(Data excerpt)

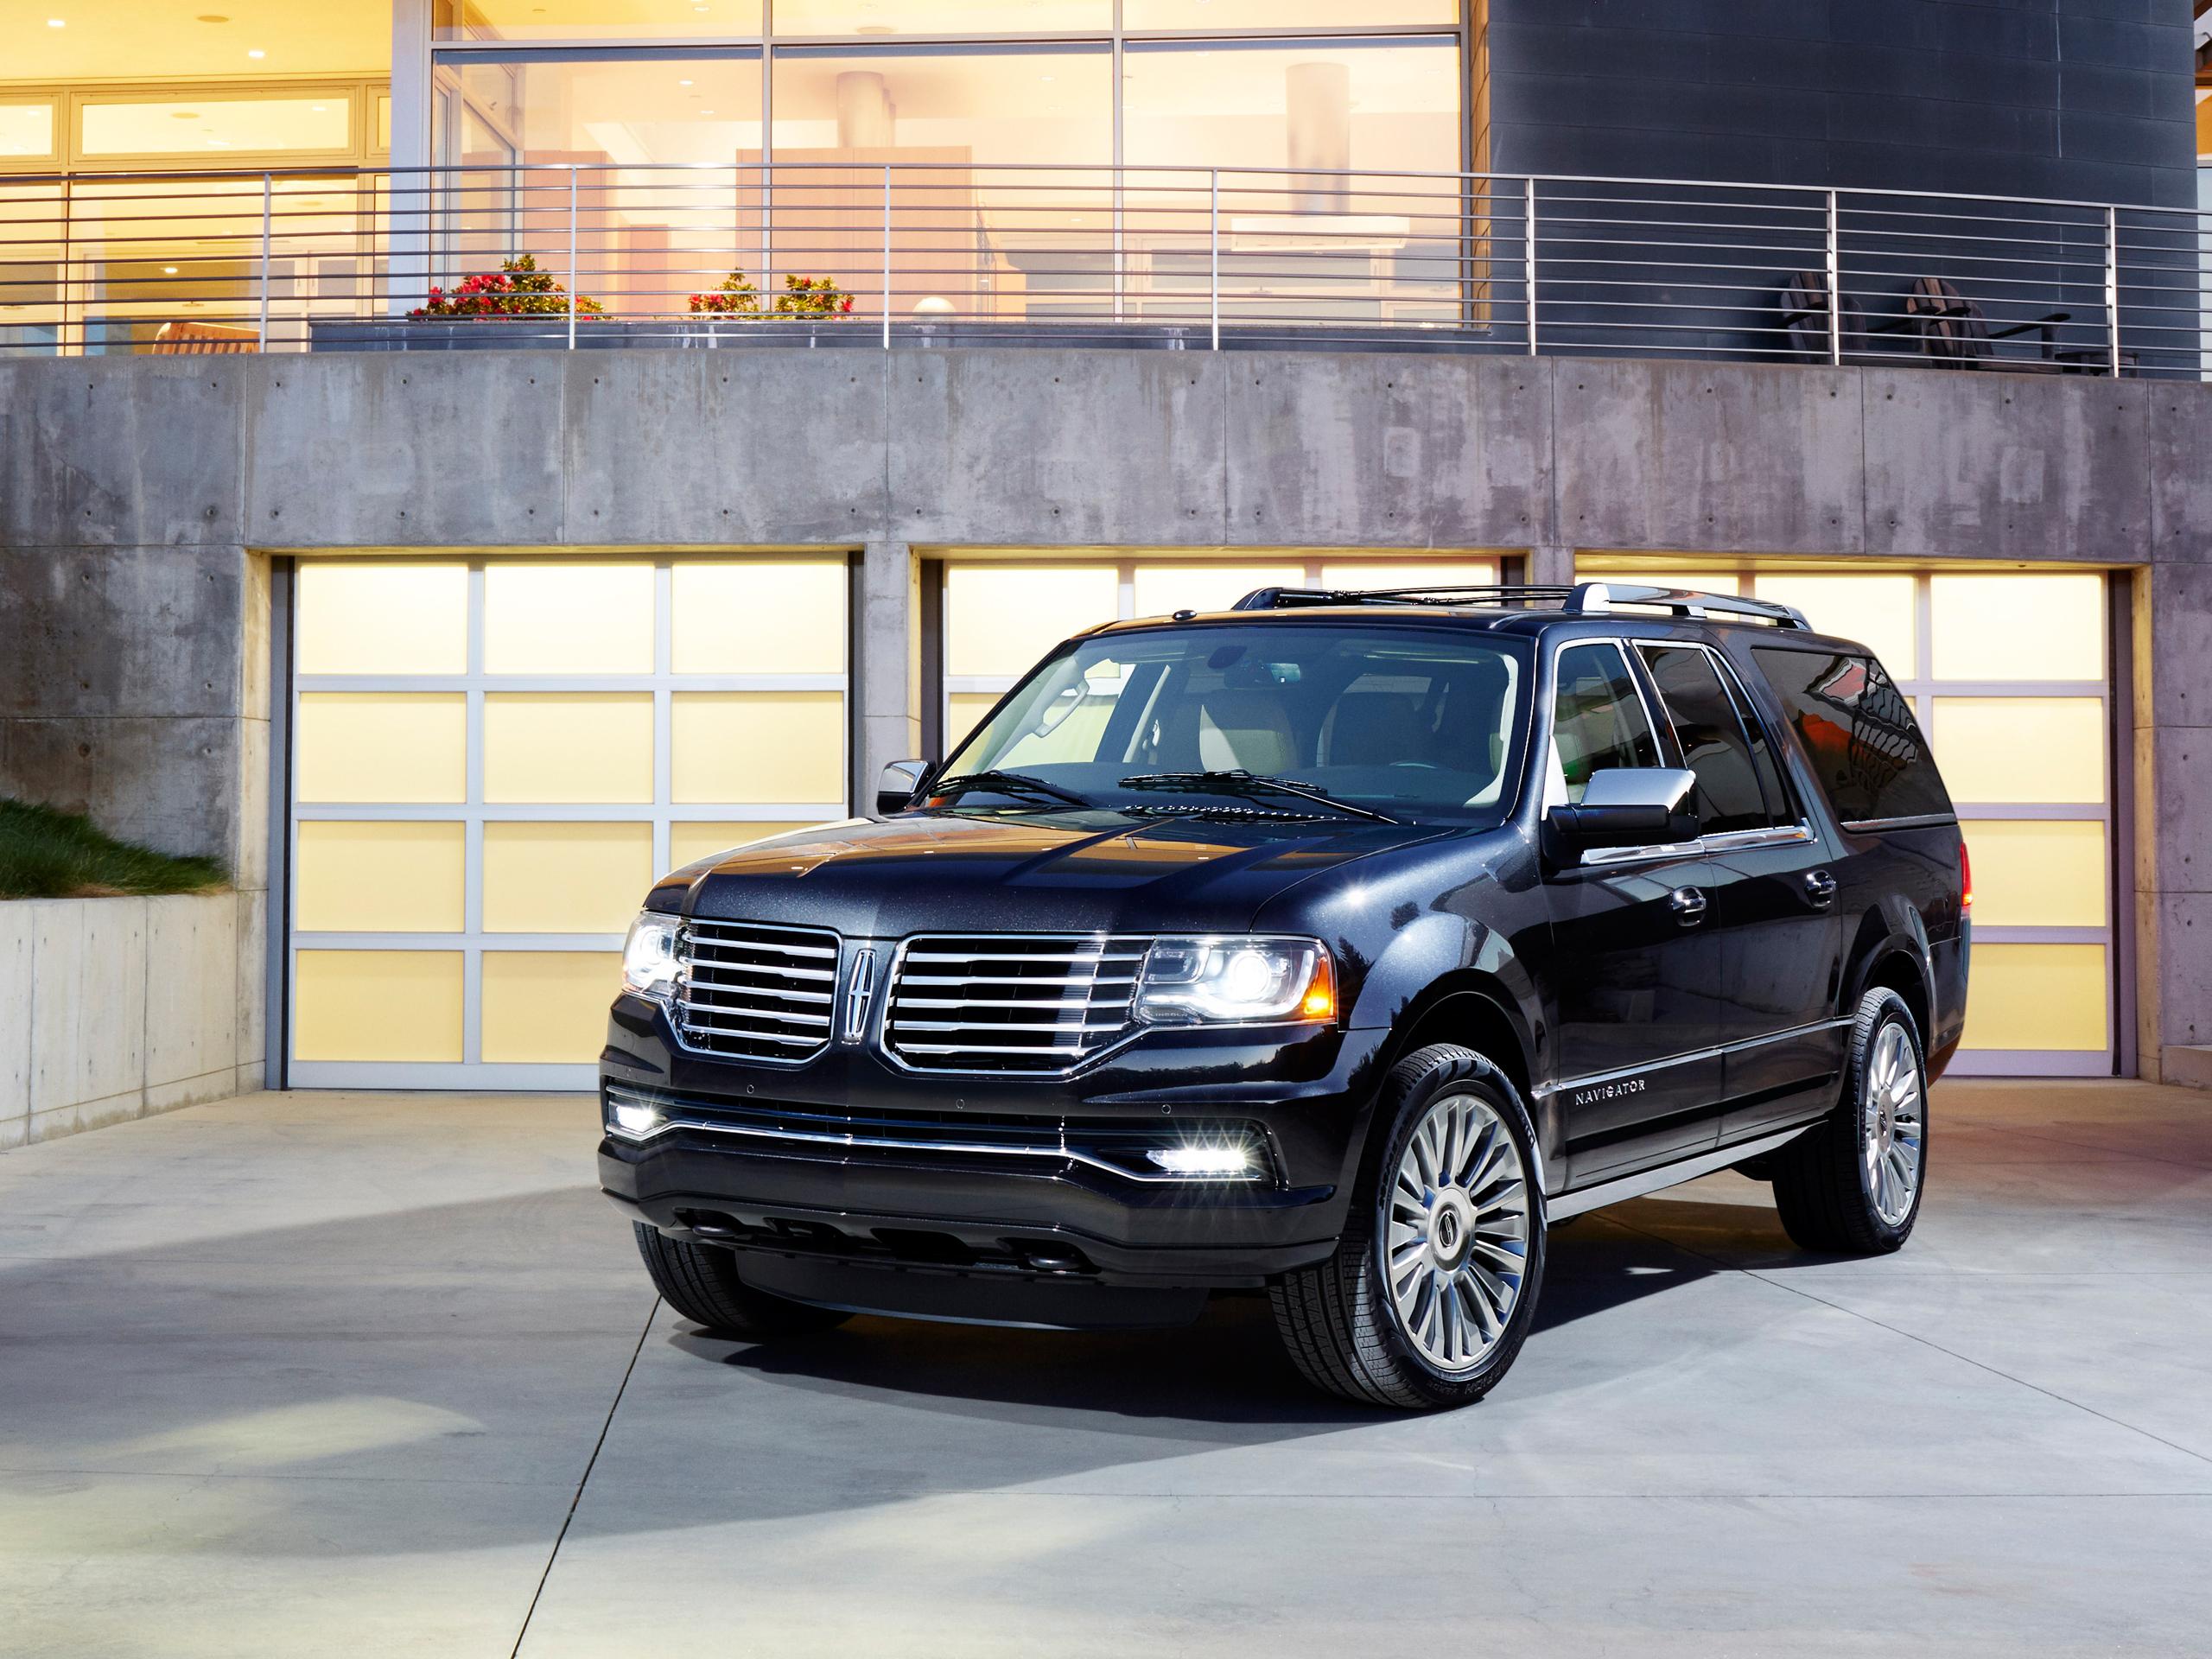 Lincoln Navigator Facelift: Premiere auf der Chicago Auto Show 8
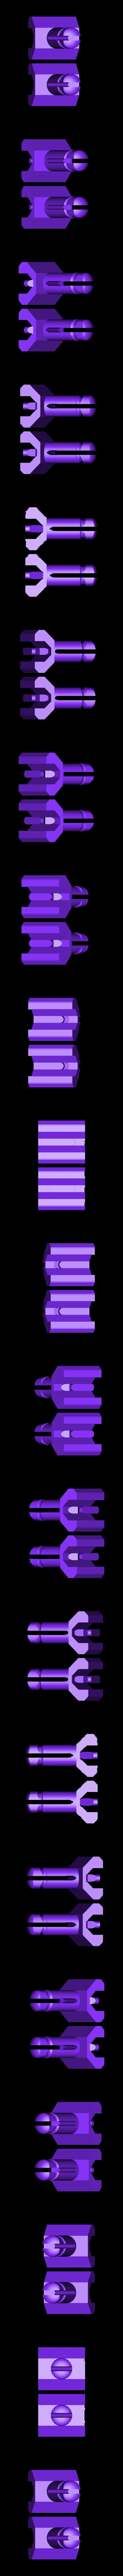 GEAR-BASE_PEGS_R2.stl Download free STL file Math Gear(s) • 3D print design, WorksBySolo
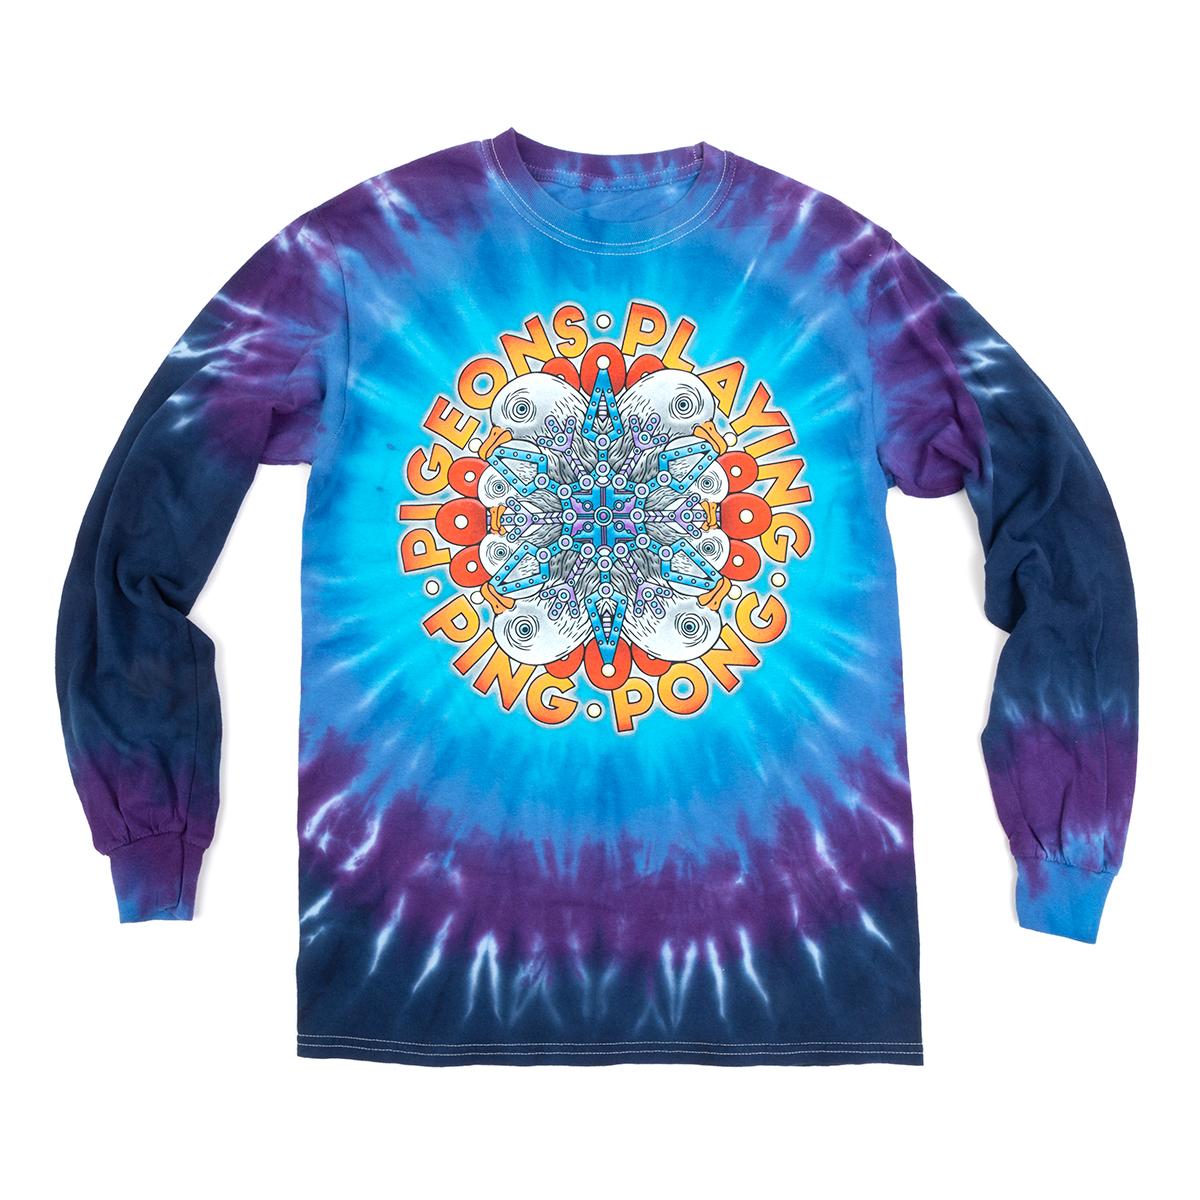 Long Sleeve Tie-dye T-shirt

(End Data excerpt)

> **Exercise goal**:
What the reply must contain is an exact transcription of the data above and none of its pictures.

> **Exercise result**:
 Lincoln Navigator Facelift: Premiere auf der Chicago Auto Show 8
 GEAR-BASE_PEGS_R2.stl Download free STL file Math Gear(s) • 3D print design, WorksBySolo
 Long Sleeve Tie-dye T-shirt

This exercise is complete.